季節は真冬。リビングにこたつを出してみた。


「あったかーい」

「こたつは、ブラックホールだね」

「ブラックホール? どういうこと、吸い込まれるっていうこと?」

「そうそう、無意識のうちに吸い込まれる」


 なんかよくわからないけれど、一度こたつに入ると立ち上がる気力をすべて奪われるような気がする。


「今日は環名ちゃんは?」

「それが、インフルエンザで休んでいて」

「一人暮らしなのに大丈夫かなぁ?」


 環名ちゃんが自分で作った履歴書を提出してくれたので、何気に住所は知っている。(一応、住所は書いてくれたんだよ)

一人暮らしで感染症になると、買い物一つ行けなくて苦労する。わたしも、そういうのを経験したことがある。

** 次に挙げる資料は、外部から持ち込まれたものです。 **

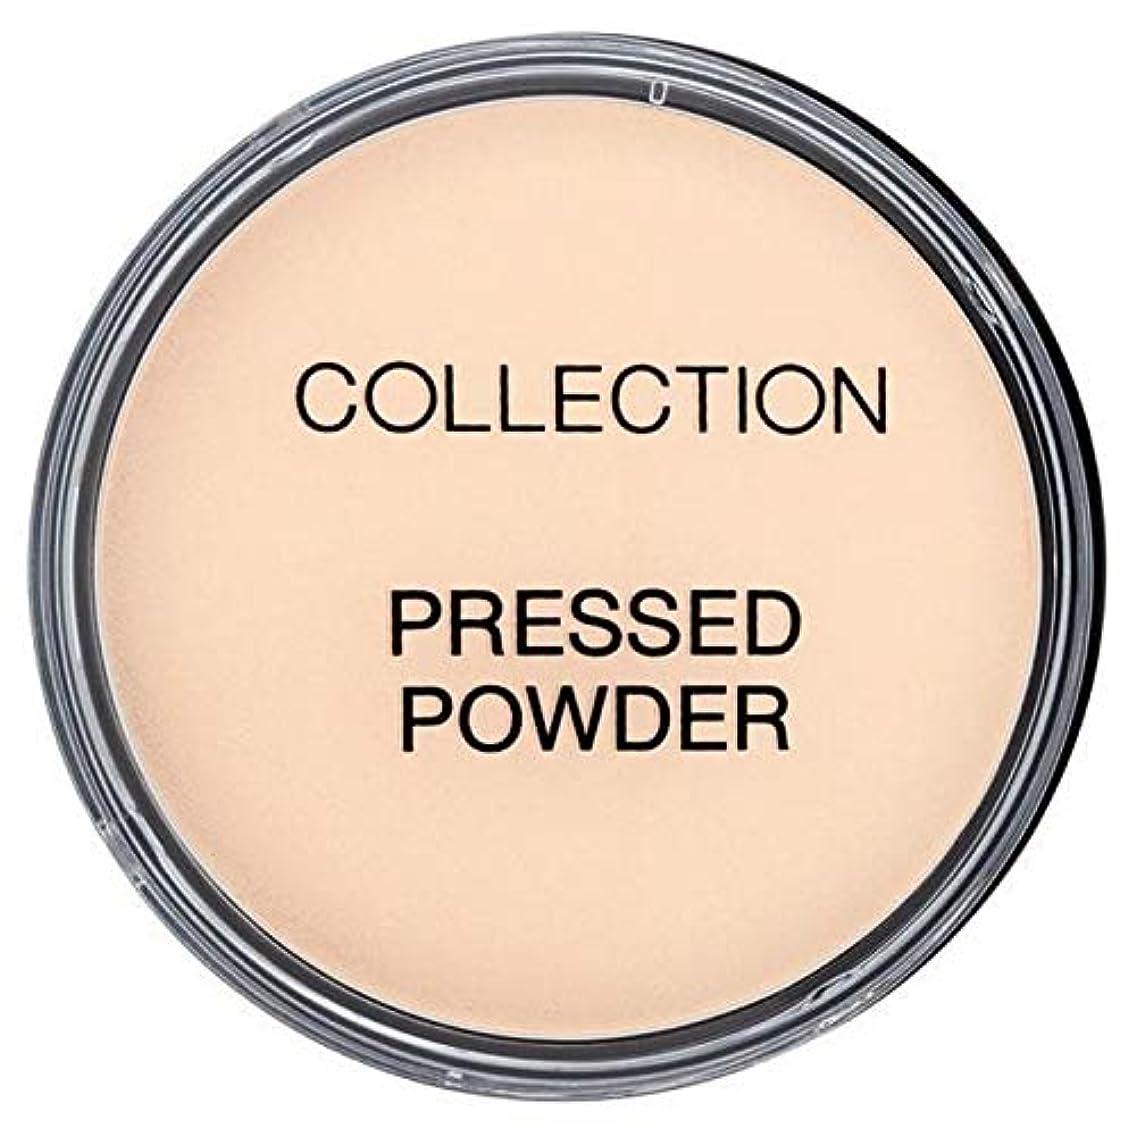 特権的週間フォーラム[Collection ] コレクションは、粉末17グラムのろうそく1を押します - Collection Pressed Powder 17g Candlelight 1 [並行輸入品]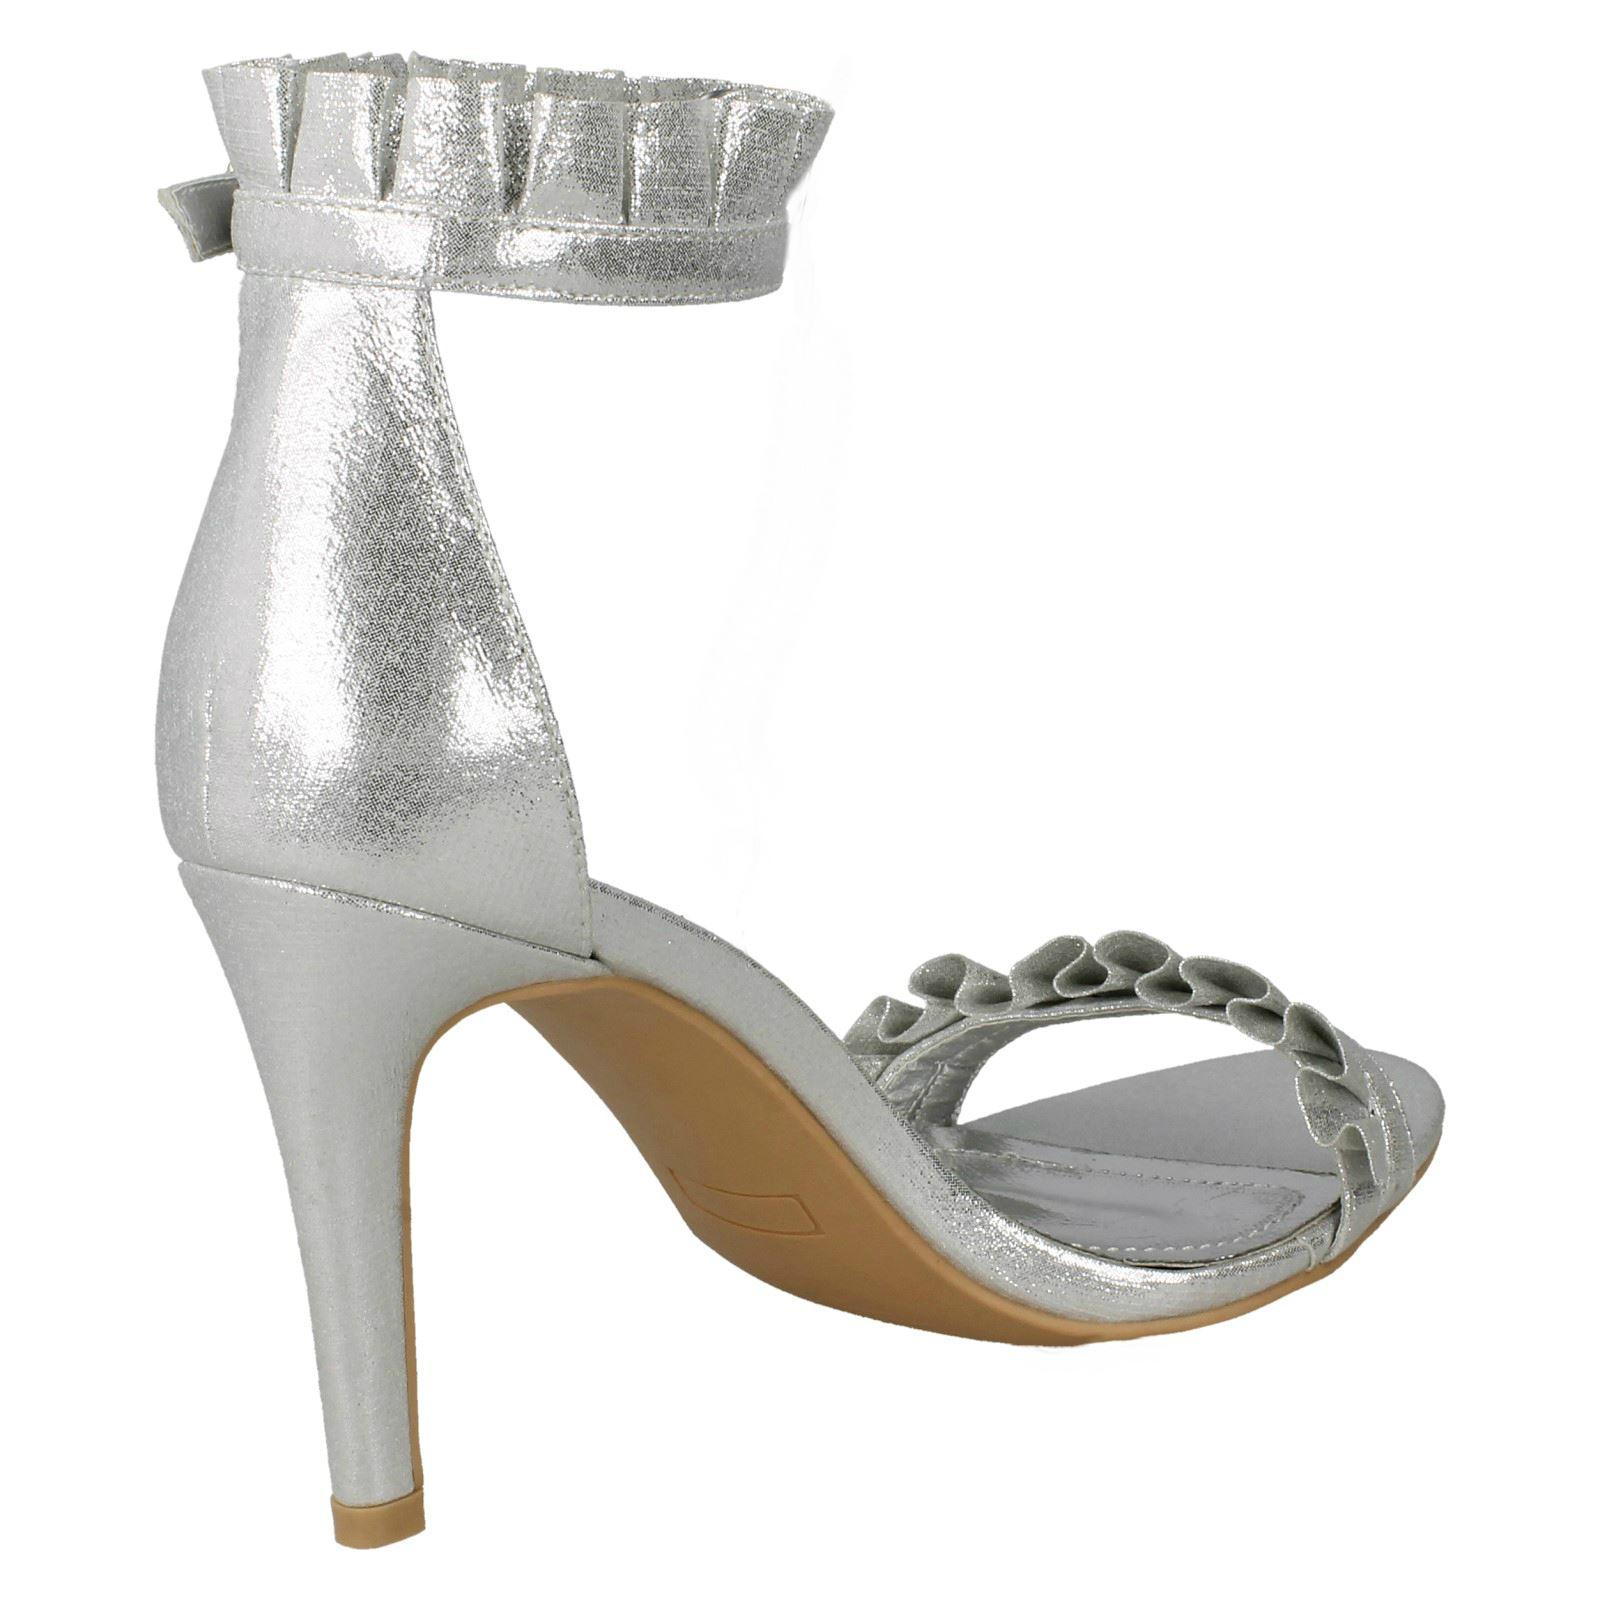 Damen 3418 Hartzinn Knöchelriemen Sandalen von Anne Michelle Verkaufspreis

「そうだ、薮内さんに何かもっていってもらえないかな?」


 わたしがそう言うと、麗奈がため息をついた。


「琴ちゃんってほんとにお人好しだよね」

「え?」

「薮内さんは琴ちゃんが好きなんでしょう?」


 一回デートに誘われたきり、あれから何もないし、好きだと言われたことはない。


「別にわたしのことが好きだとか言われたことがないし……」

「琴ちゃん、ニブい? 彼がどうしてわたしたちの家の近くに引っ越してきたのかとか考えないの?」

「え、それは偶然じゃないの?」


「偶然ではないだろうね」


 あき婆が突然現れる。


「あき婆もそう思う」

「当然。あんたを追ってきたとしか思えないね」

「追ってきた……⁉️」

「例の小川さんが言っていたけれど、彼が越してきたアパートは最初満室だったんだけど、あそこがいいって、不動産屋に懇願したとか」


 面食いの小川さん……どうしてそんなことを知っているのだろう。


「ほら、あそこのアパートは地主の神埼さんが大家だから」

「あ、なるほど」


 確か、小川さん宅と神埼さん宅は隣同士だ。

 わたしが口に出していない疑問を簡単に読み取ってしまうあき婆はやっぱりエスパー。


「じゃあ、誰か退去したら連絡しますねってことで、前の人が引っ越したら速攻、入居したらしいよ」

「それって、やっぱりストーカー……」


 麗奈が険しい顔をする。


「ストーカーっていうのは相手を執拗に追いかけて、困らせるものだけど、いまのところ彼は、近くのアパートに住んでいるだけで何もアクションは起こしていないだろう」


 あき婆の言うとおりだ。


「でも、私だったらちょっと怖いかも。琴ちゃんはどう?」


 麗奈にそう質問されたが、なんとも言い難い。


「うーん……人がどこに引っ越そうが住もうが基本自由だから」

「それはそうやな」

「だけど、逆に何のアプローチもかけてこない方が怖いかも」


 ストーカー疑惑の時に、せっかく家の前に防犯カメラをつけたので、たまに映像の確認をするが怪しい人が映っているなどは確認できていない。


「何を考えているんやろな」

「あき婆でもわからないなら、わたしには多分わからない」

「連絡先は知っているんやろ?」


 そうだ、薮内さんの電話番号は、わたしのスマホに登録されている。


「お仕事って何されているのかなぁ?」


 麗奈が夕飯の食器を片付けながら言う。


「小川さんチェックかな。それか自治会長の森本さんに調査依頼するかい?」

「依頼って探偵じゃあるまいし」

「いっそのこと、こっちがストーキングしてみる?」


 麗奈の大胆な考案に皿を落としそうになった。


「えっ⁉️」

「あ、いやもし、琴ちゃんが気になるんだったらだけど」

「それはちょっと……」


 その時わたしの脳裏にある方法が浮かんだ。そうだ、デートに誘い返して、彼から色々聞き出してみよう。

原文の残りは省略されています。